● Assigned task: Look below for the line containing "Находки недели: леопардовый" and the line containing "Green quarter length", then set down both and every line between them exactly, without pictures.

● Provided material:
-- Opening Marker --
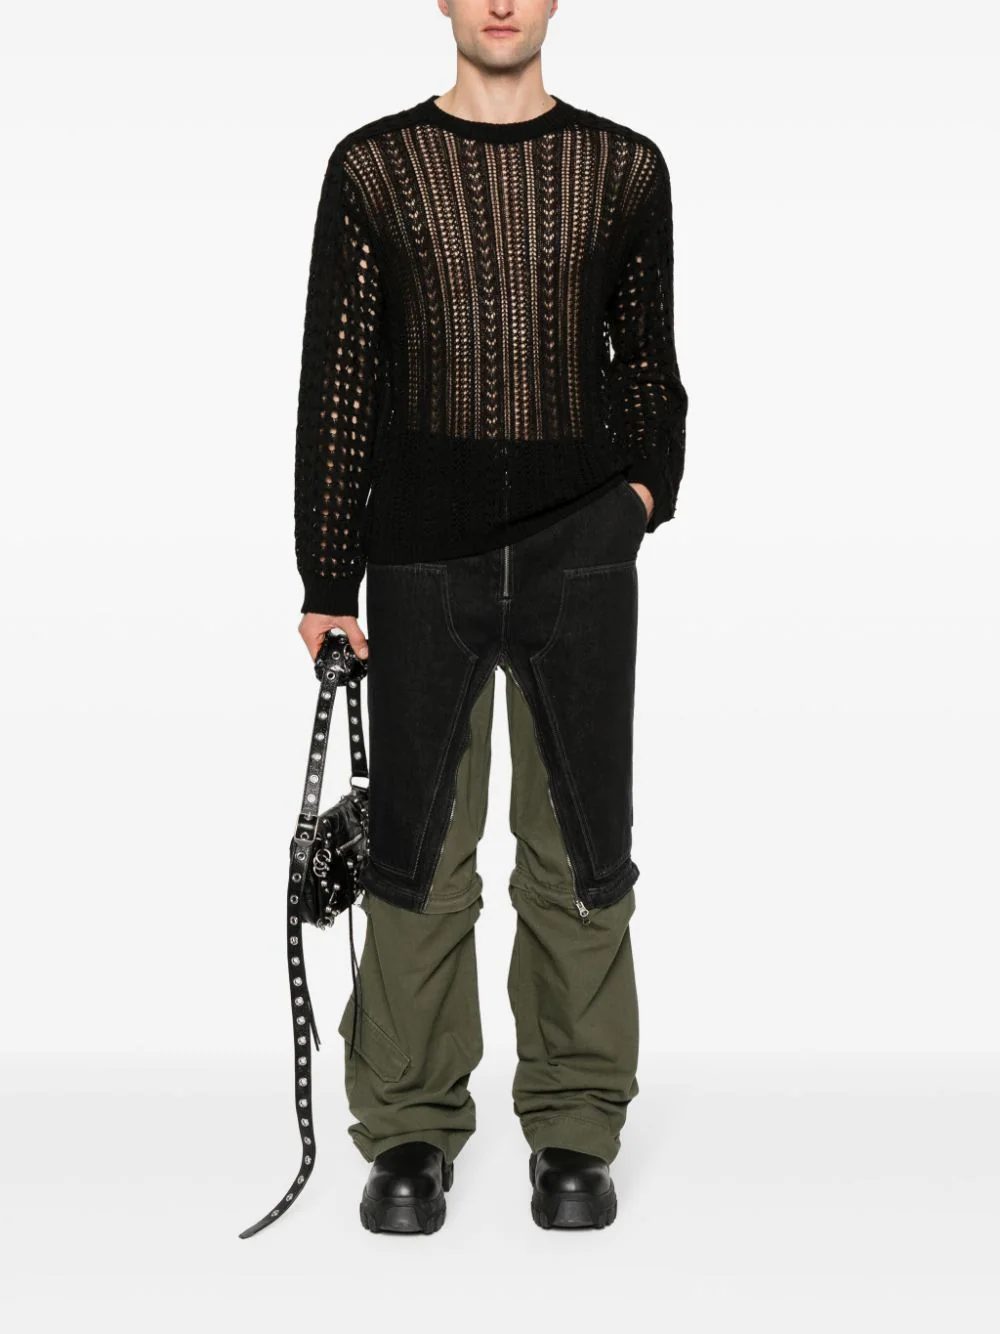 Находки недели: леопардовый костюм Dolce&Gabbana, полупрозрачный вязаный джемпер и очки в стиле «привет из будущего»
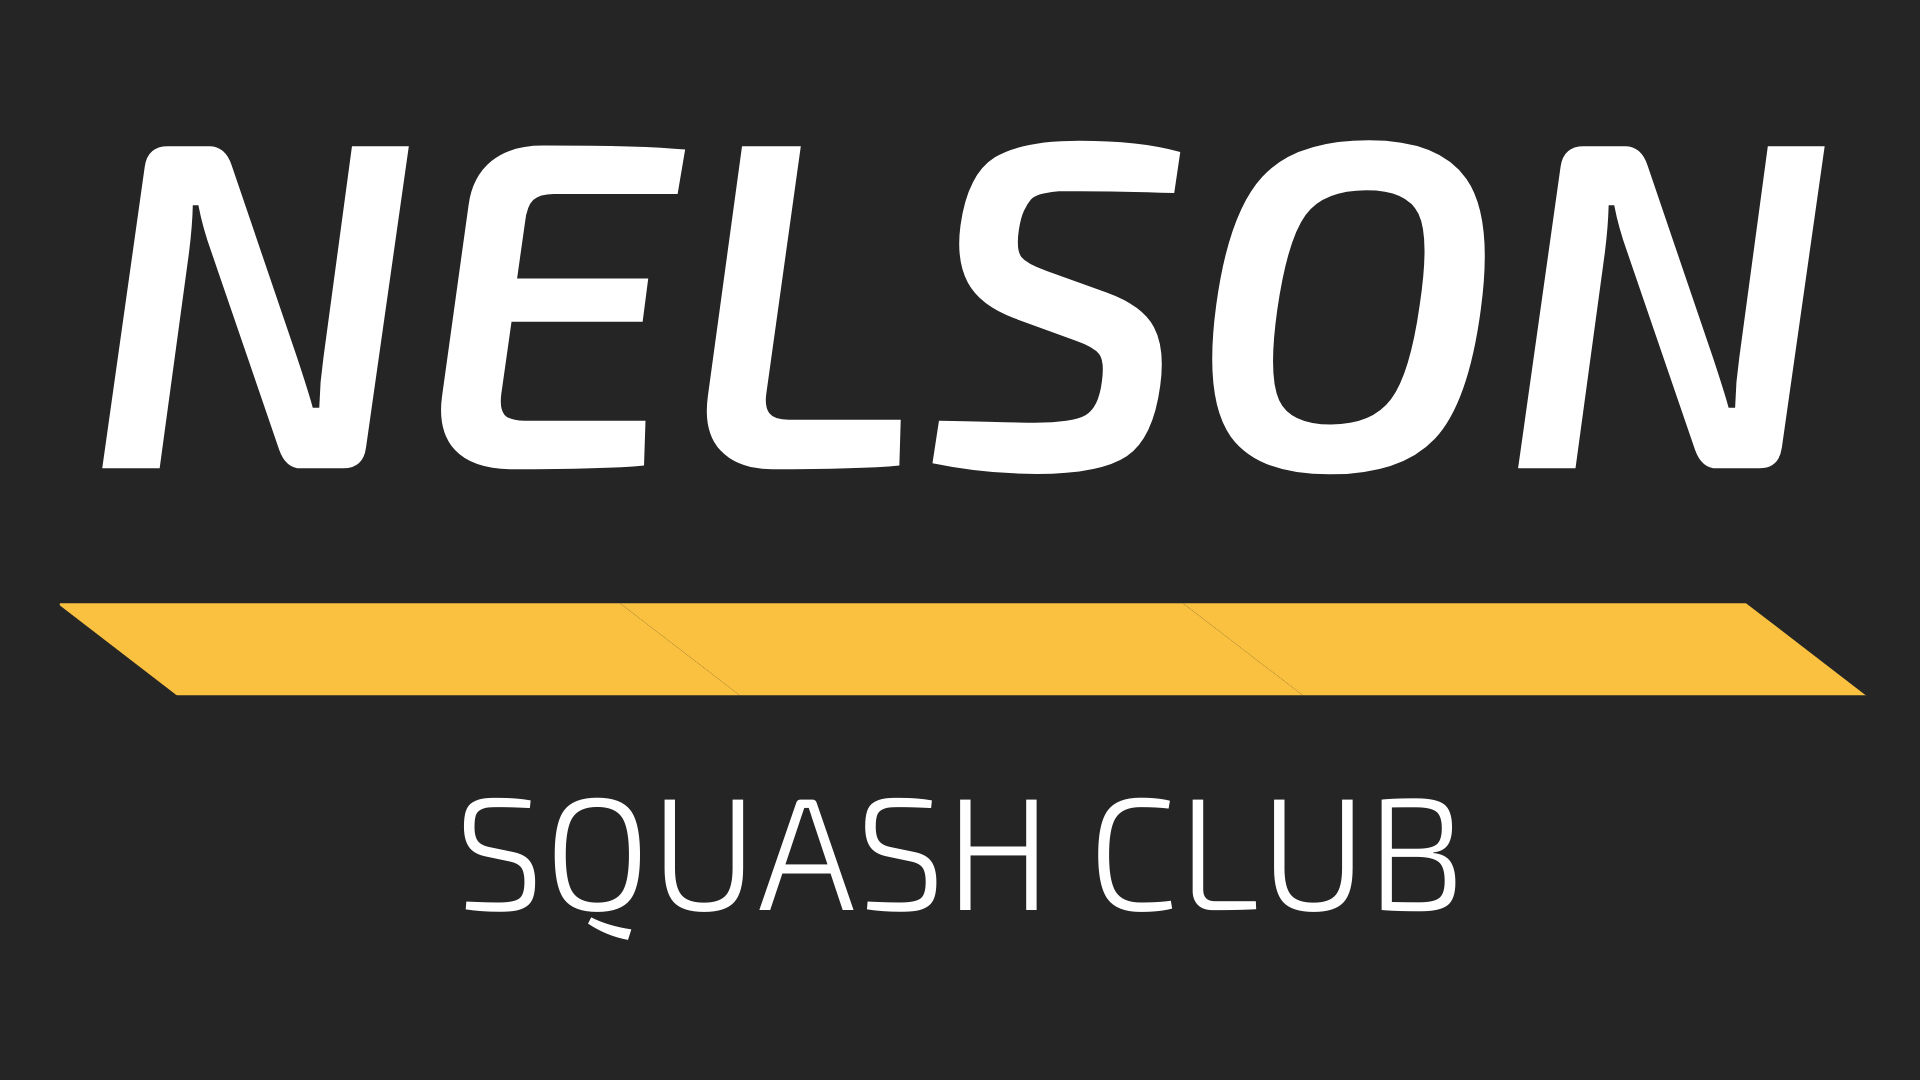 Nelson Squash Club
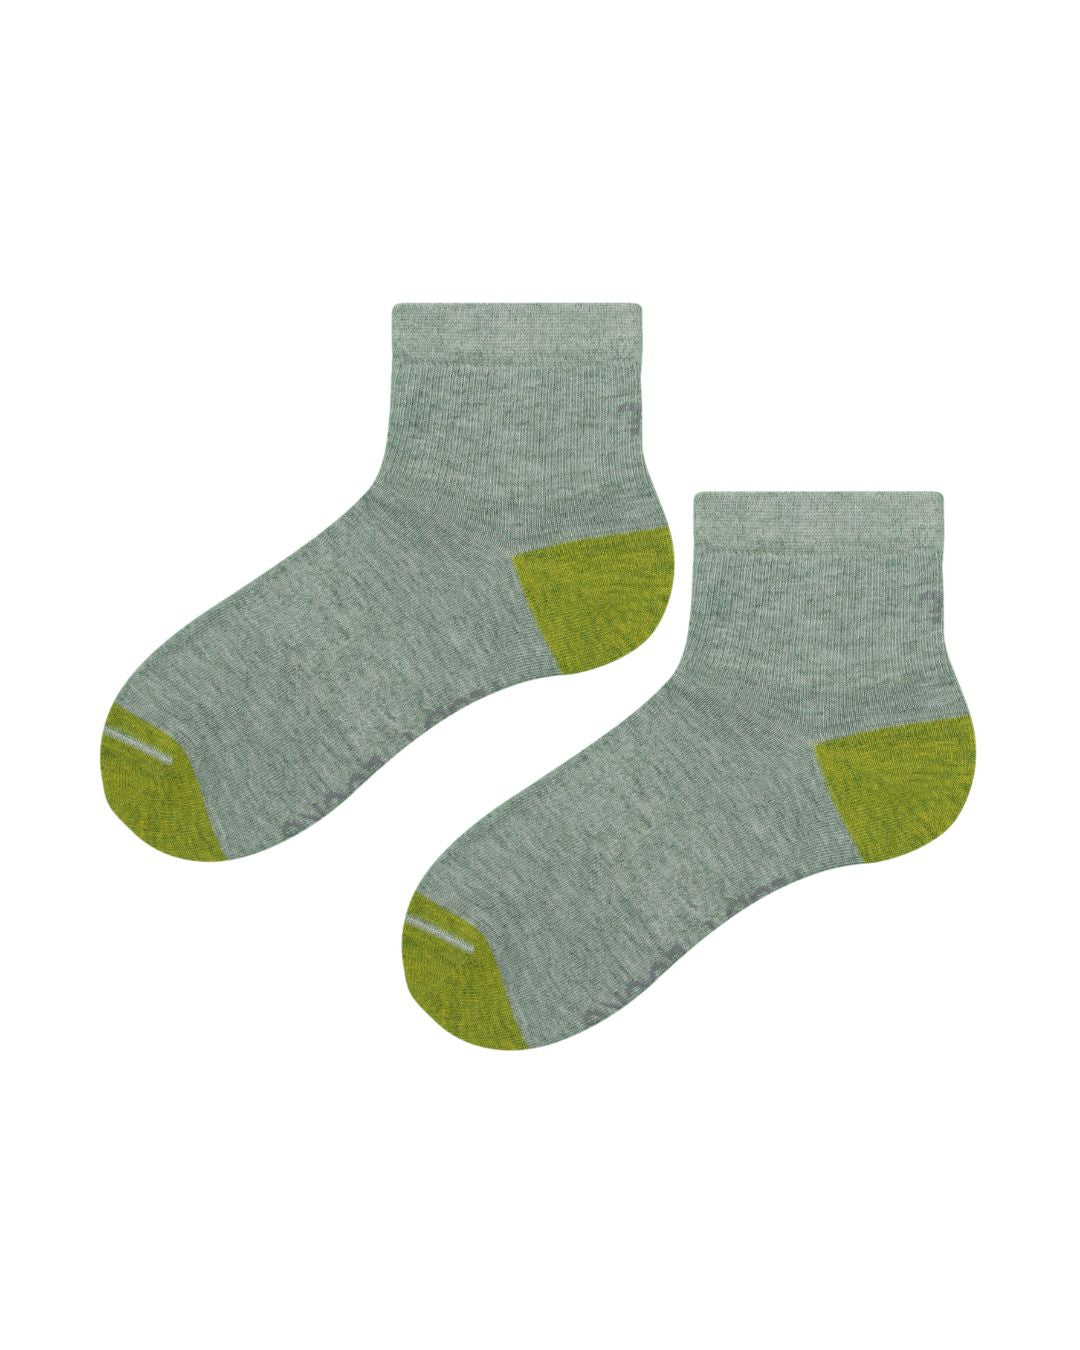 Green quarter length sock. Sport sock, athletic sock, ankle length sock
-- Closing Marker --
-- Opening Marker --
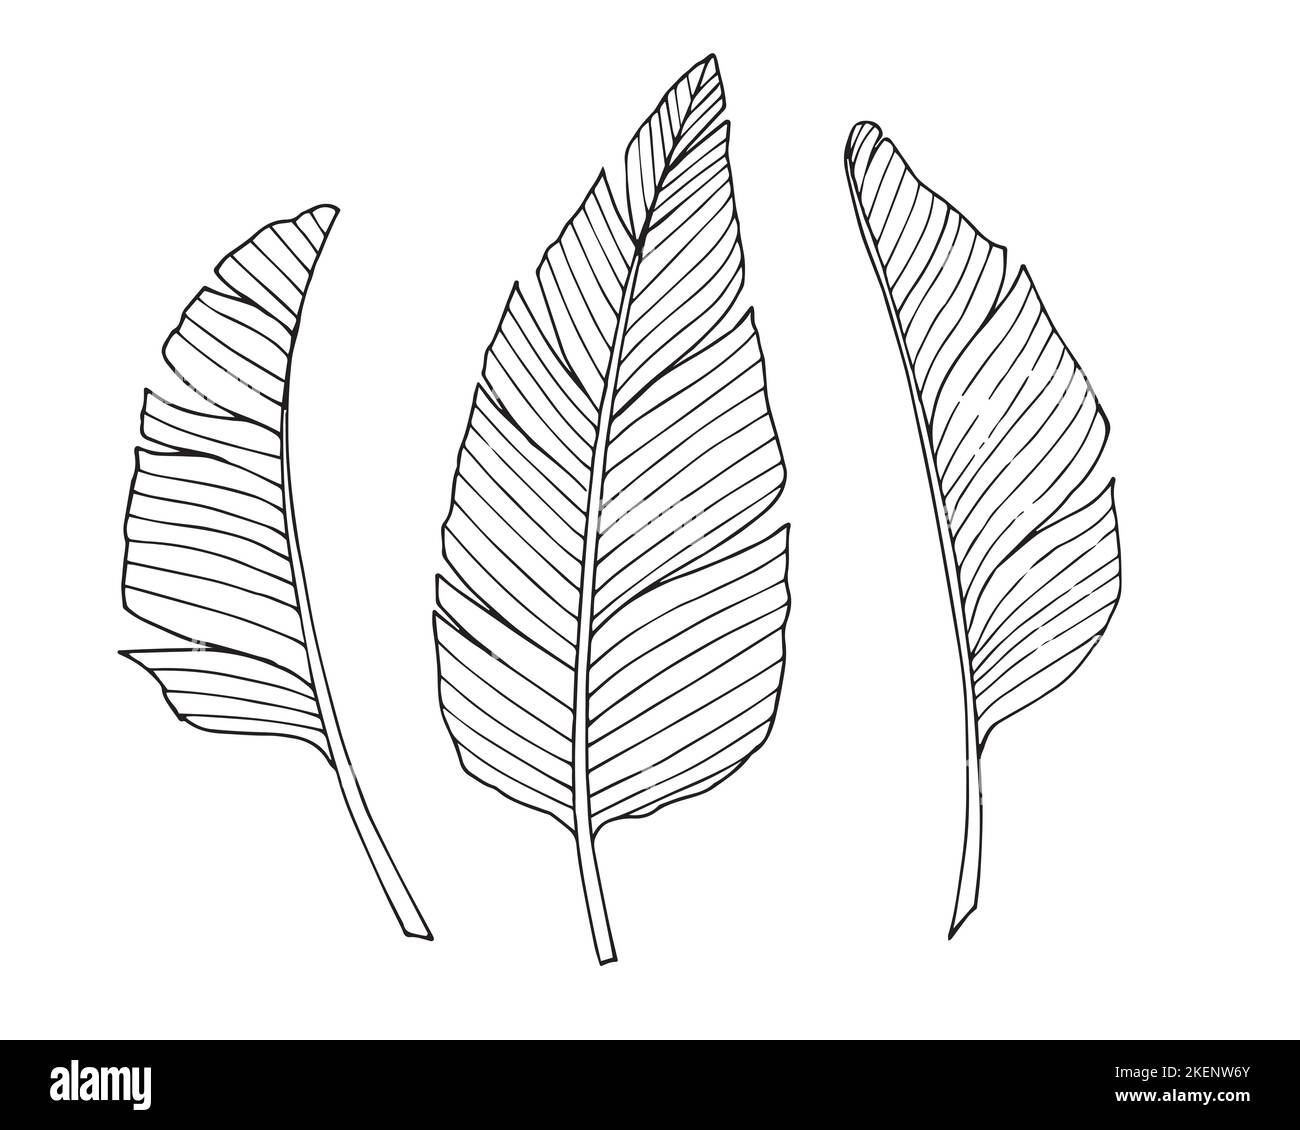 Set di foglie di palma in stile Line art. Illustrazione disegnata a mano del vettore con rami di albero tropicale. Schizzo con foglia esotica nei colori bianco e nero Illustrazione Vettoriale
-- Closing Marker --
● Answer for the task:
 Находки недели: леопардовый костюм Dolce&Gabbana, полупрозрачный вязаный джемпер и очки в стиле «привет из будущего»
 Nelson Squash Club
 Green quarter length sock. Sport sock, athletic sock, ankle length sock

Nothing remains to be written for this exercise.